Ziemlich genau 150 Mitglieder zählt der Schönberger Seniorenclub, der sich zur Jahreshauptversammlung traditionell am Dreikönigstag traf. Vorsitzende Ilse Schinko gibt auf Jahreshauptversammlung einen Einblick in die vielfältigen Veranstaltungen des Schönberger Seniorenclubs

Sie gab zunächst einen Einblick in die solide finanzielle Situation des Vereins. Besonders freudig wurde der Eingang einer anonymen Spende von 1000 Euro aufgenommen. „Wir werden das Geld sinnvoll für unsere Arbeit einsetzen und bedanken uns herzlich bei der Spenderin oder dem Spender“, so Ilse Schinko.

In ihrem Bericht schaute die Vorsitzende zurück auf ein mit zahlreichen Veranstaltungen gefülltes Vereinsjahr. Gerne angenommen wurde die Gemeinderundfahrt mit Bürgermeister Martin Pichler, aber auch die Ausflugsfahrten zum Beispiel nach Salzburg, nach Altötting, in den Vogelpark und zu Theateraufführungen in der Region. Sie dankte der Frauenunion und dem Vdk für die Einladungen zum Kaffee trinken und der Gemeinde für die Weihnachtsfeier mit fast 200 Teilnehmern.

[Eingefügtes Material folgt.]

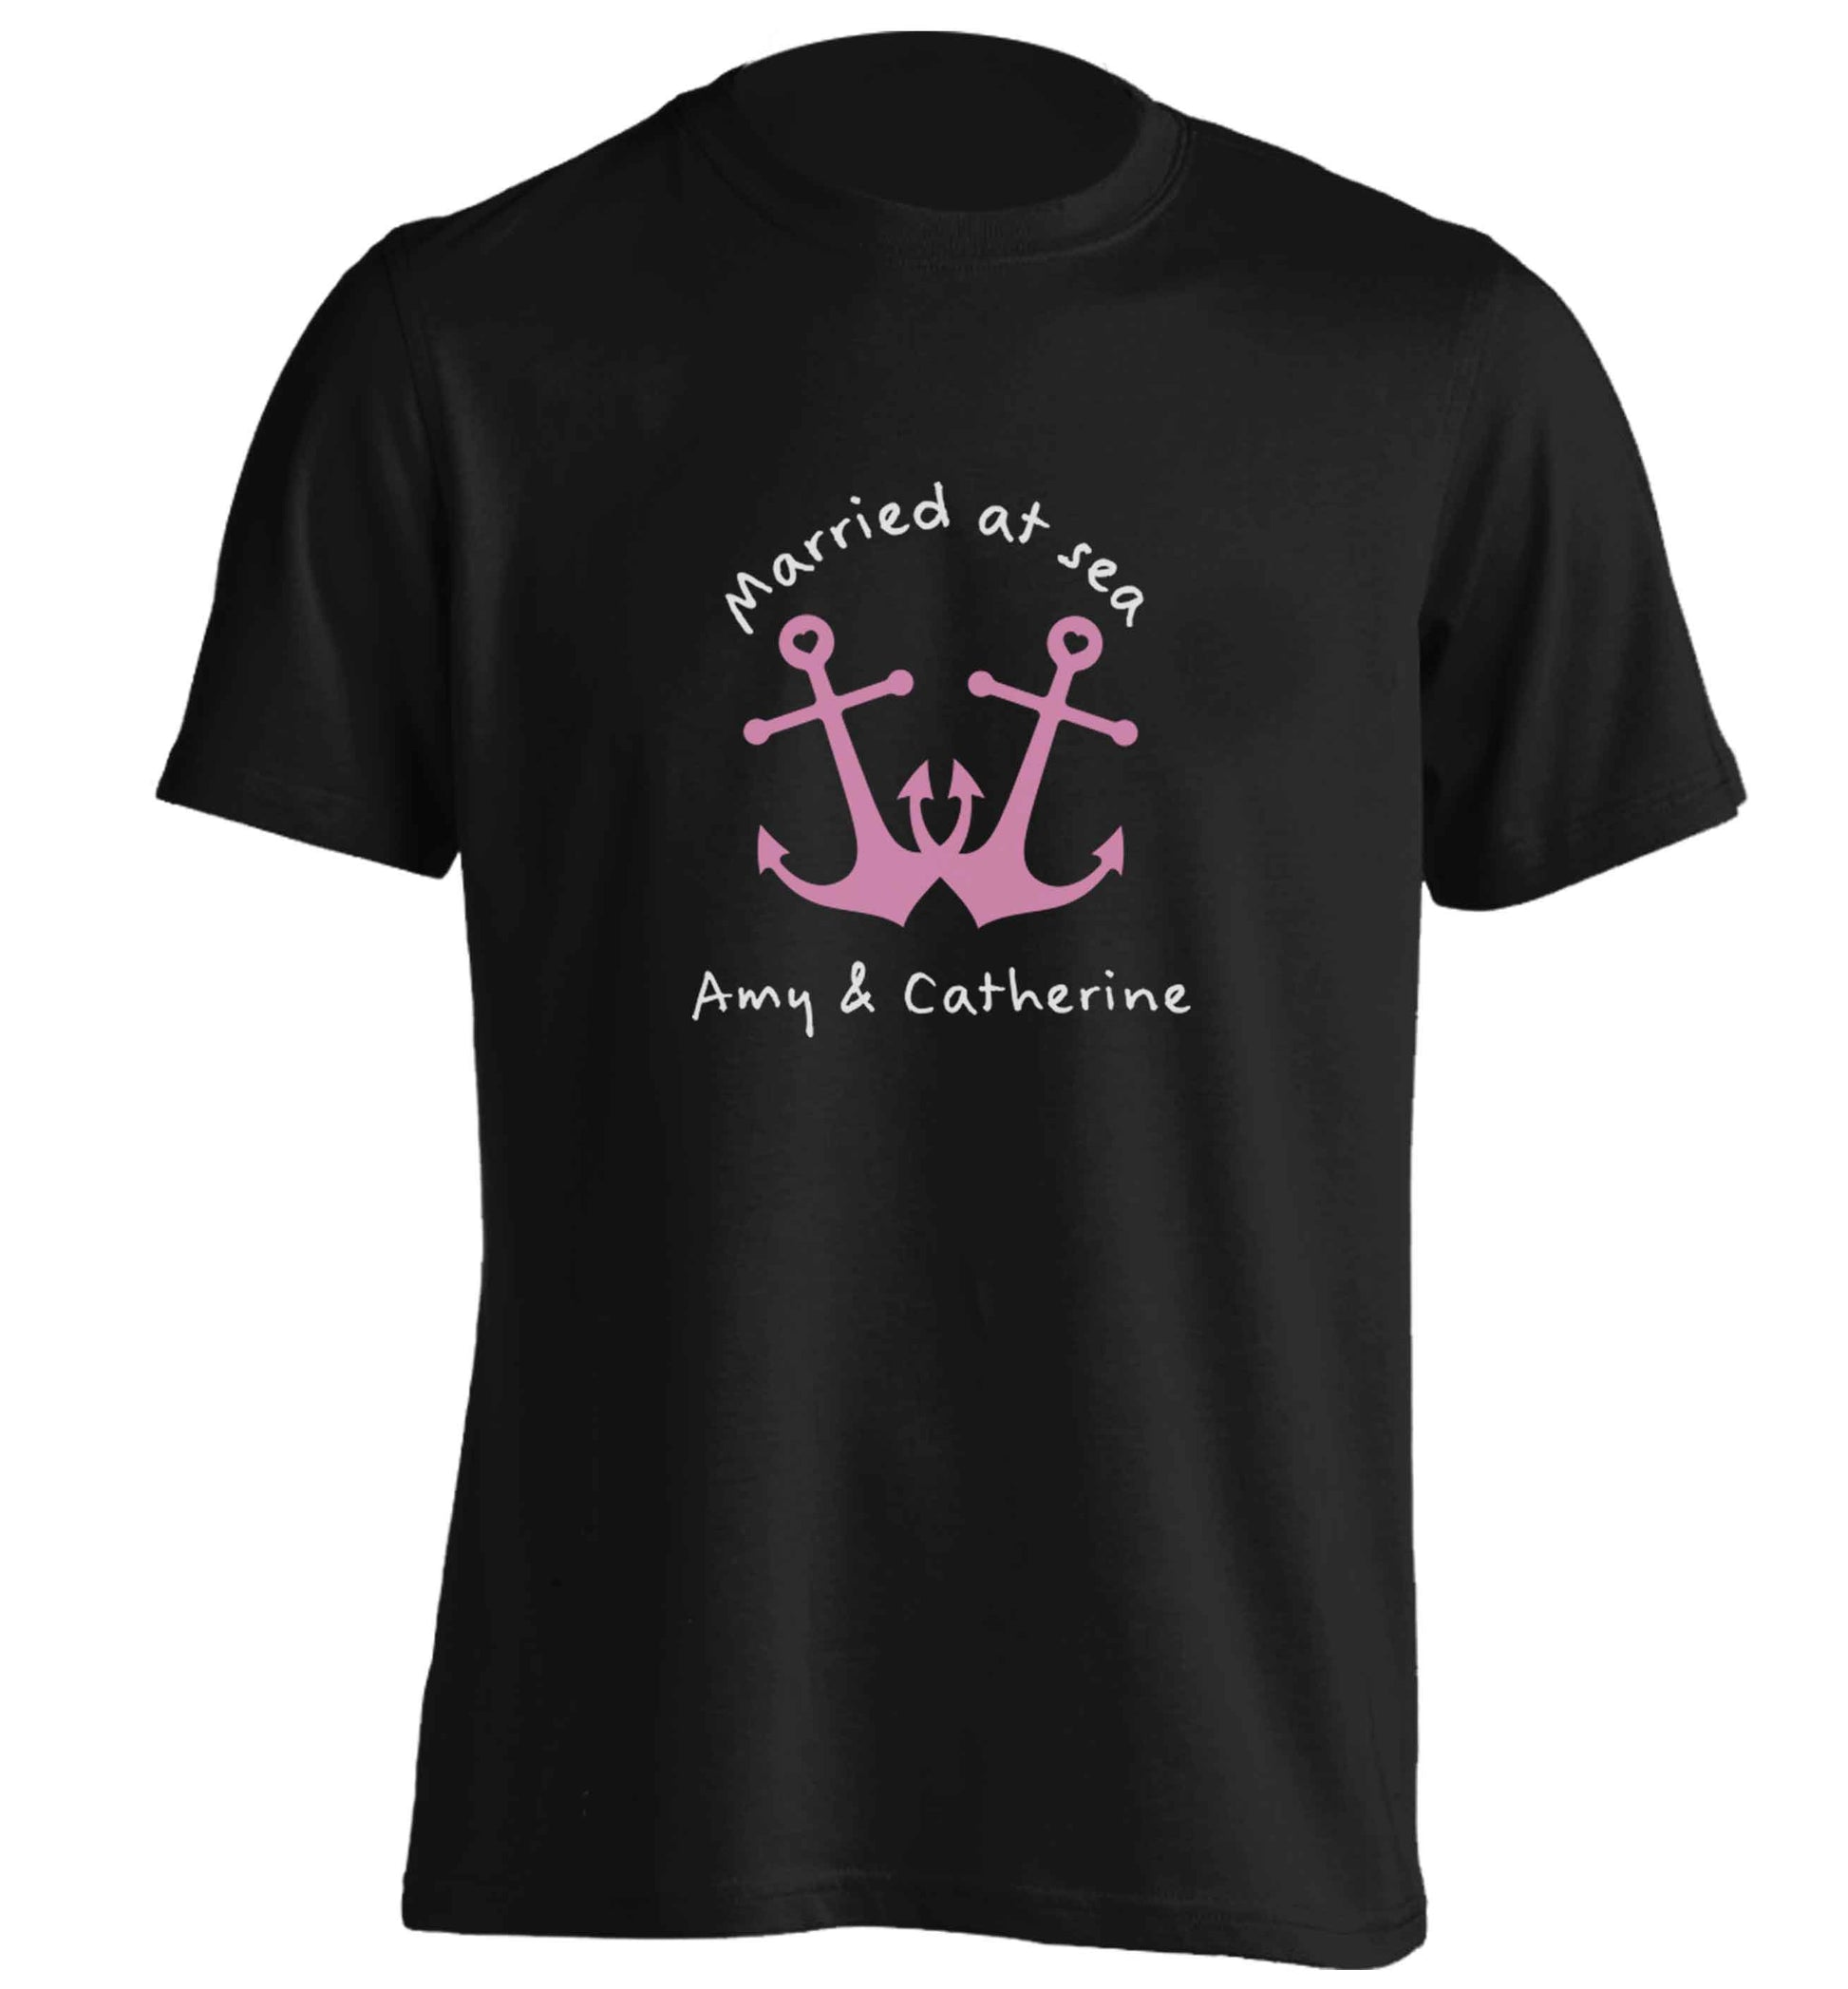 Married at sea pink anchors adults unisex black Tshirt 2XL

Auch für das nächste Jahr stellte der Seniorenclub wieder ein umfangreiches Programm für seine Mitglieder zusammen. Bei den regelmäßigen Kaffeetrinken im Pfarrheim konnten immer Referenten gefunden werden, so zum Beispiel die Heilpraktikerin Sabine Loibl, Mitarbeiter des Landratsamtes stellen das Mobilitätskonzept vor oder die Verbraucherzentrale informiert über Wege aus der Verpackungsflut. Auch einige Fahrten stehen wieder auf dem Programm: Im Februar geht es auf die Seniorenmesse „Seniorita“ nach Deggendorf. Im Mai werden die Wolfsteiner Werkstätten in Freyung besucht. Im Juni wird einer Ölmühle im Mühlviertel ein Besuch abgestattet. Im Juli besucht der Seniorenclub den Alpakahof bei Schaufling. Ein Tanznachmittag in Sonnen steht im August ebenso auf dem Programm wie die Fahrt zur Gläsernen Scheune. Und im September geht es zu einer Modenschau nach Oberösterreich. Eine Nudelproduktion in Massing wird im Oktober besucht. Mit den weiteren Terminen und jahreszeitlichen Festen zählt das Programm im nächsten Jahr 26 Termine auf, dazu noch die festen Sprechstunden im Foyer des Rathauses jeden ersten Freitag im Monat.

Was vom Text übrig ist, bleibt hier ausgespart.